The Goddess as Active Listener (Parts 1-3)


Tomb of Ramses VI, North Wall
1
When I was first introduced to my wife, I told her that I had always missed her but had never realized it until we finally met. She was present as a kind of pregnant absence. I was aware on some alternate level of the self of a kind of negative space, like the shape of a missing puzzle part, to which her image corresponded, and into which it would one day lock to complete the predetermined structure. We might certainly wish that this process were more foolproof than it is, that so many things could not potentially go wrong, and yet, in its own wonderfully slipshod way, this tendency of linked fragments to reassemble themselves into an image sometimes takes us where we need to go.
Are we meant to have certain experiences, or to connect with certain people rather than with others? At a multidimensional intersection—at a 19th Century train station as designed by Giorgio de Chirico, let’s say, where the newly arriving and newly departed search for their respective tracks—it is possible to see how precarious forces constellate, not always to our advantage. Habit is not harmony. Safety is an illusion of the microcosm.
Listen, and I will whisper in your ear. Perhaps earth-shattering events happen every day around you, more or less invisibly, as you brush past in your haste to buy a donut. A catastrophe that occurred in 9800 BC is only just now informing you of the whereabouts of your heart. After so much time it has decided to return, again to advocate for its role as the seat of true intelligence. If you do not “stop the world,” for just a moment, to talk to the stranger standing next to you at the Pan Am luggage-belt, it could be that you have thrown away your one and only chance to meet that significant Other. A mutual friend may demand to introduce you to a soul mate, or else he or she may turn suddenly around a corner at the Museum of Modern Art, with a puzzled expression, to ask a pregnant question about Kandinsky. But where was the music of the occluded sphere hiding, and why did love’s messengers take so long to appear? No doubt you are bad.

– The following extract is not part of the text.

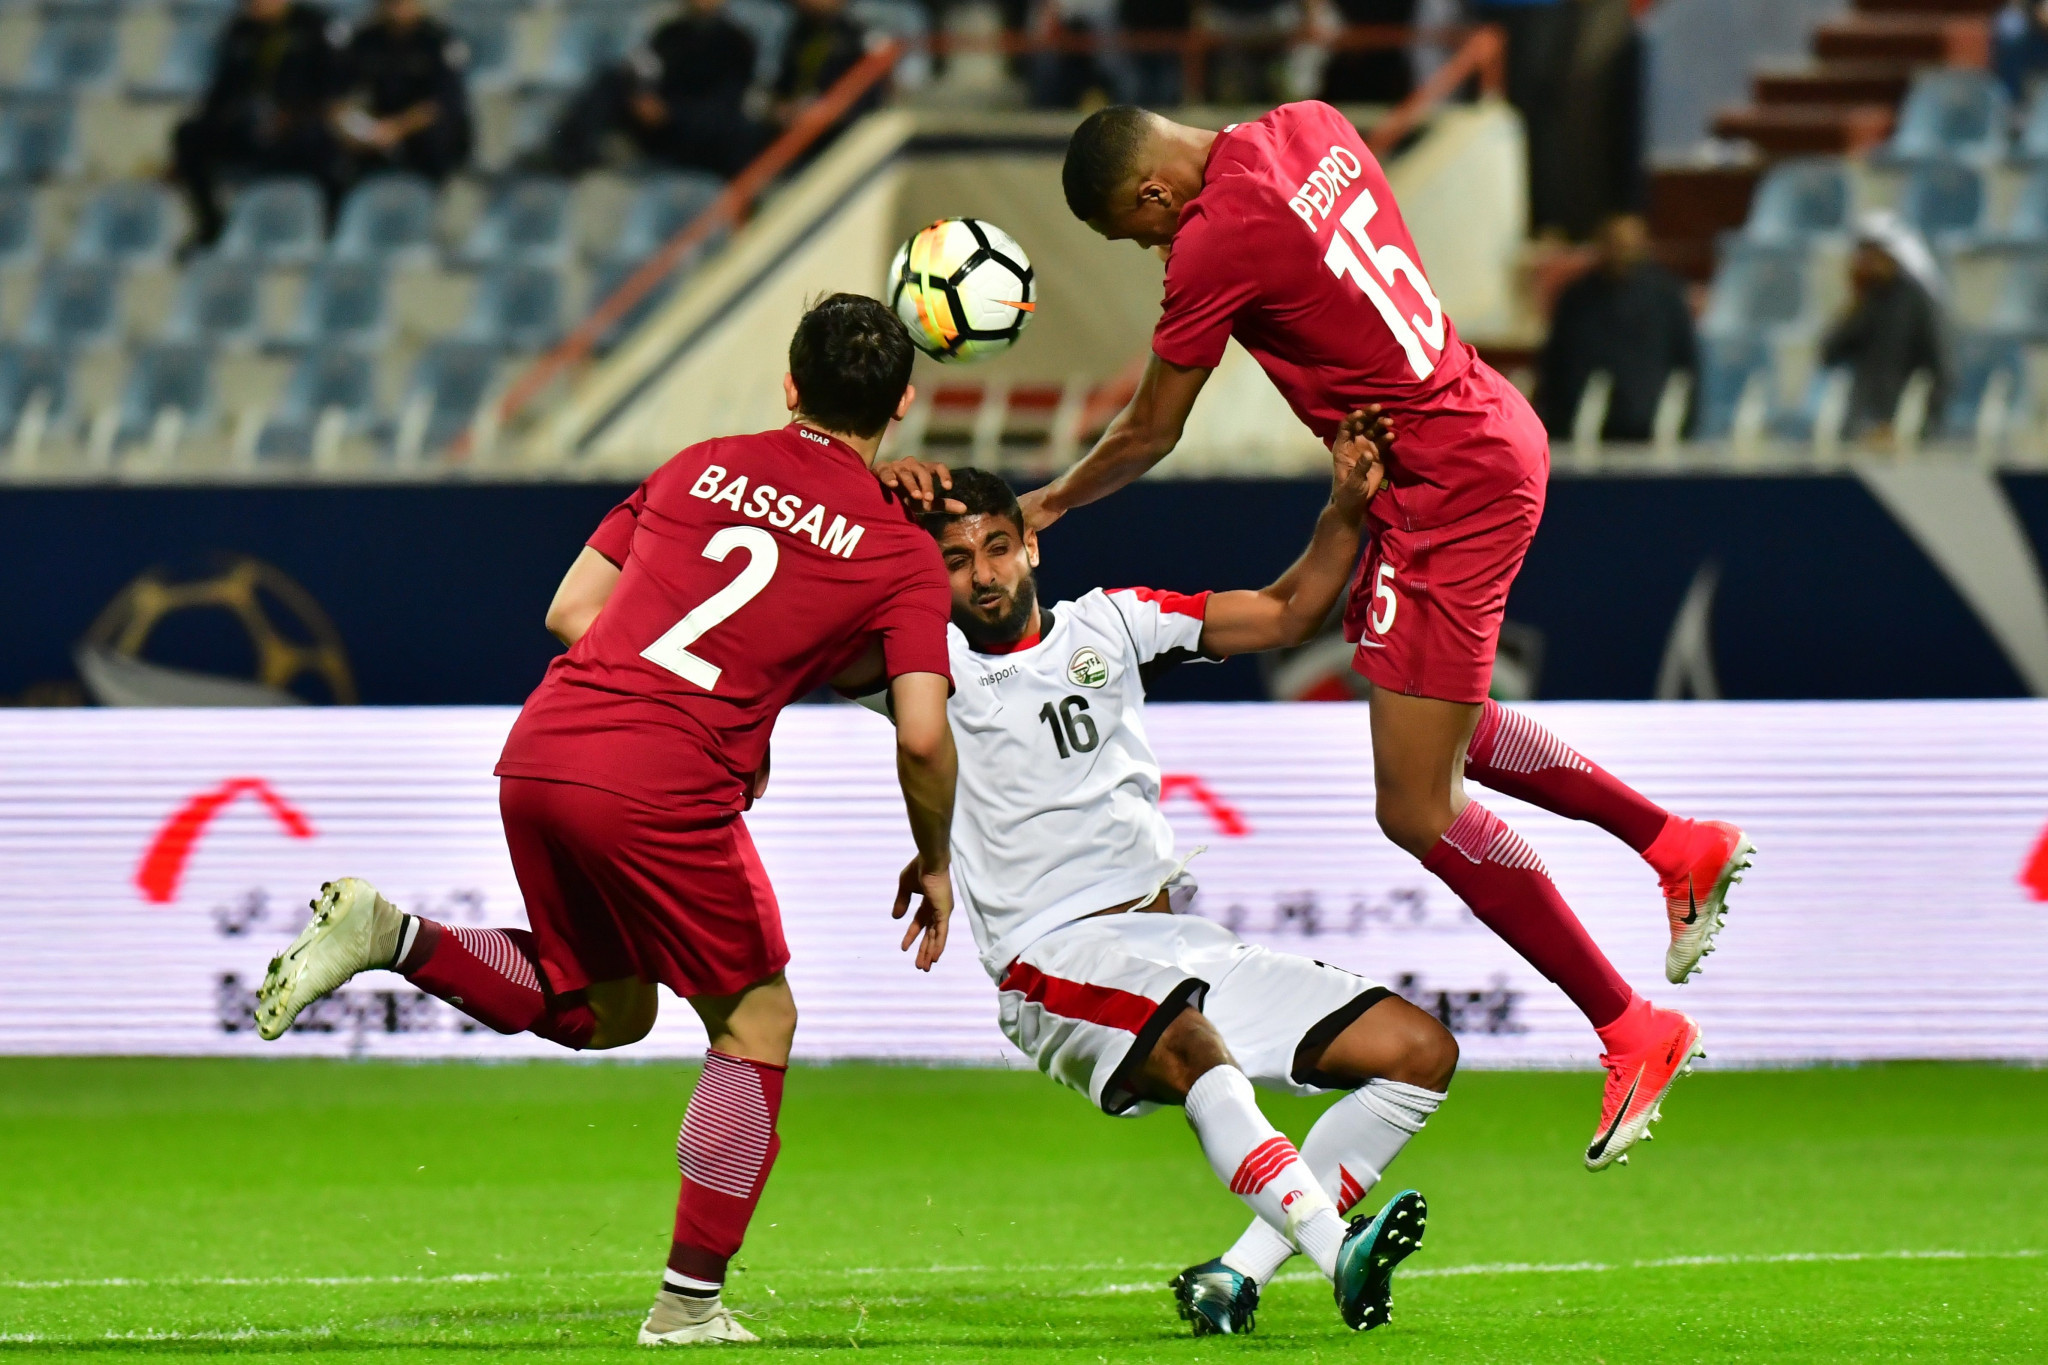 Qatar were in dominant form and scored three goals in the opening 18 minutes ©Getty Images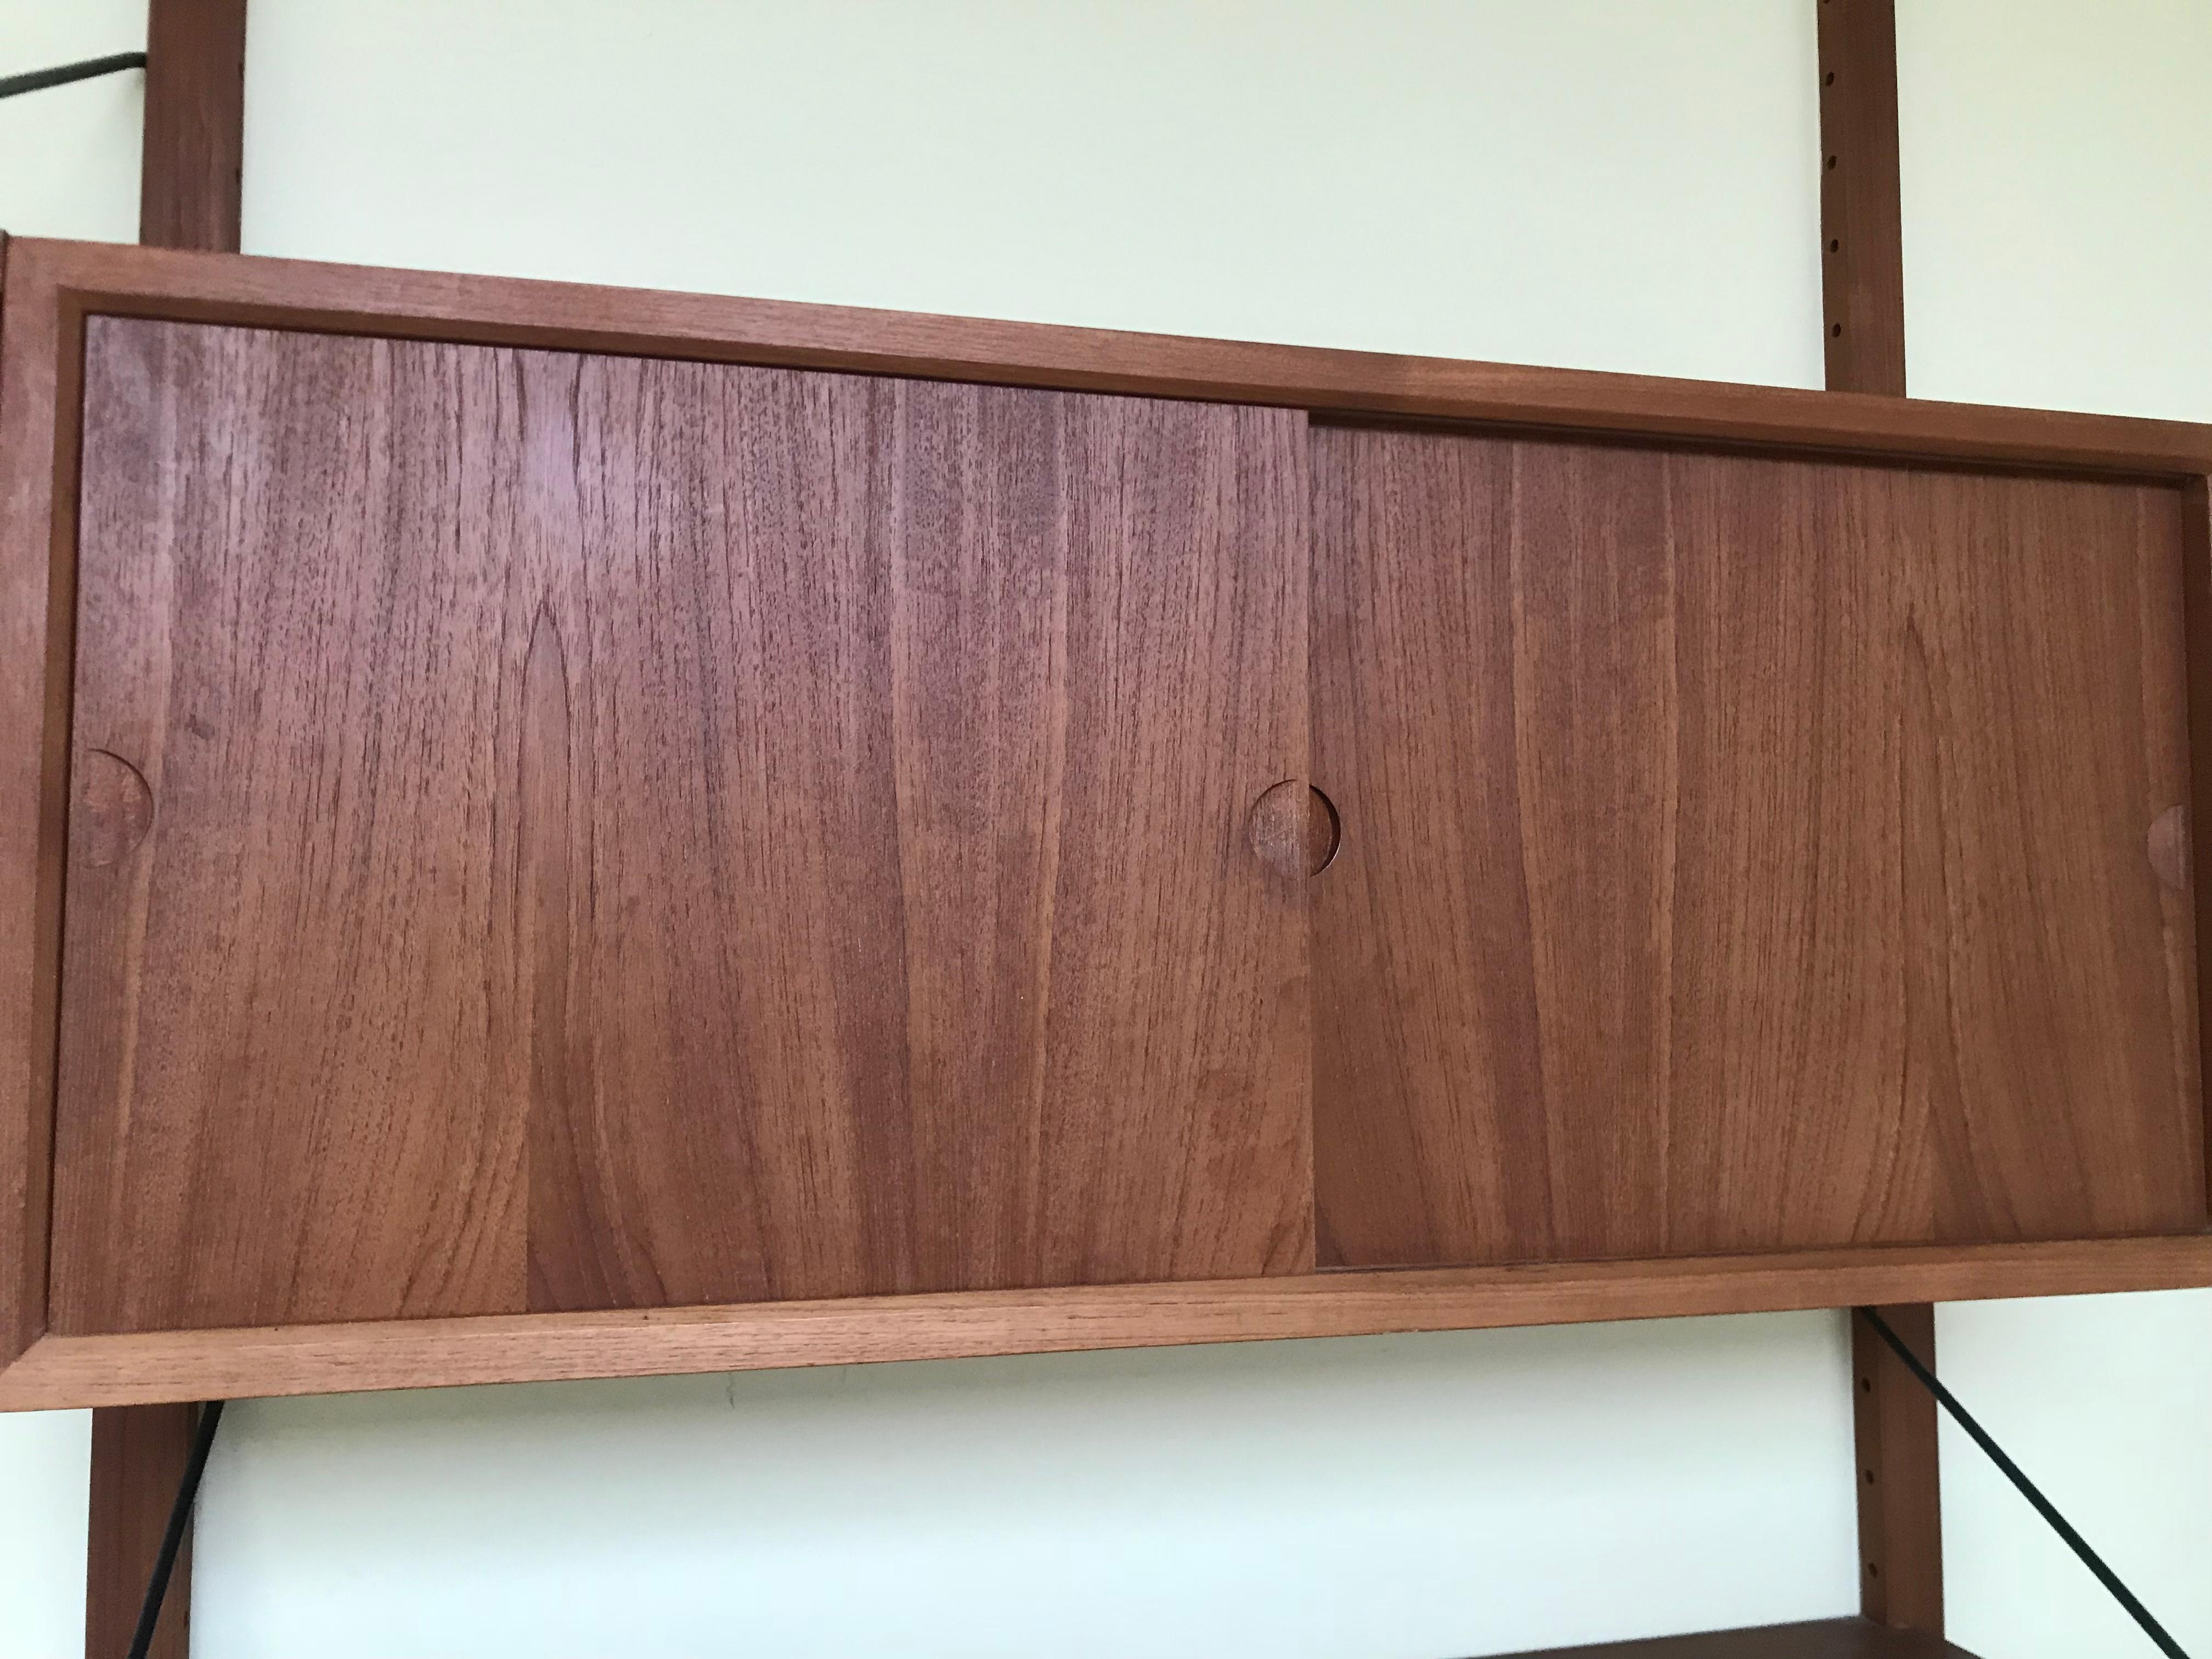 Highly versatile and functional Cado wall unit in teak by Danish designer Poul Cadovius. Wall unit is in very nice vintage condition with light age appropriate wear. Each support rail is 78

The more romantic among us are used to thinking that there may be one true soul-mate for each person. It is less common to imagine that friends or teachers may also play their parts in this apparent drama of predestination. Perhaps the meeting with the teacher had all along been programmed by a bird at the Institute of Interplanetary Symbols. Each student of a good teacher might well view the meeting as a one of a kind event. Such interventions by the avian programmer most often have about them a great sense of “uncanniness”; the world has changed, and it is not possible to return to your earlier and simpler view of existence. The experience of transformation can go so deep that it forces you to invent a mythological cause. A kind of right to left reversal then alters your mode of vision. This mythological cause then becomes the origin of all of the wrong turns and disjunctions that led you to the teacher. You might ask, let’s say, “How do you know when a bird has scheduled a key meeting?” And I would answer, “It is enough that you would know. You would know because such a meeting should never have occurred at all.”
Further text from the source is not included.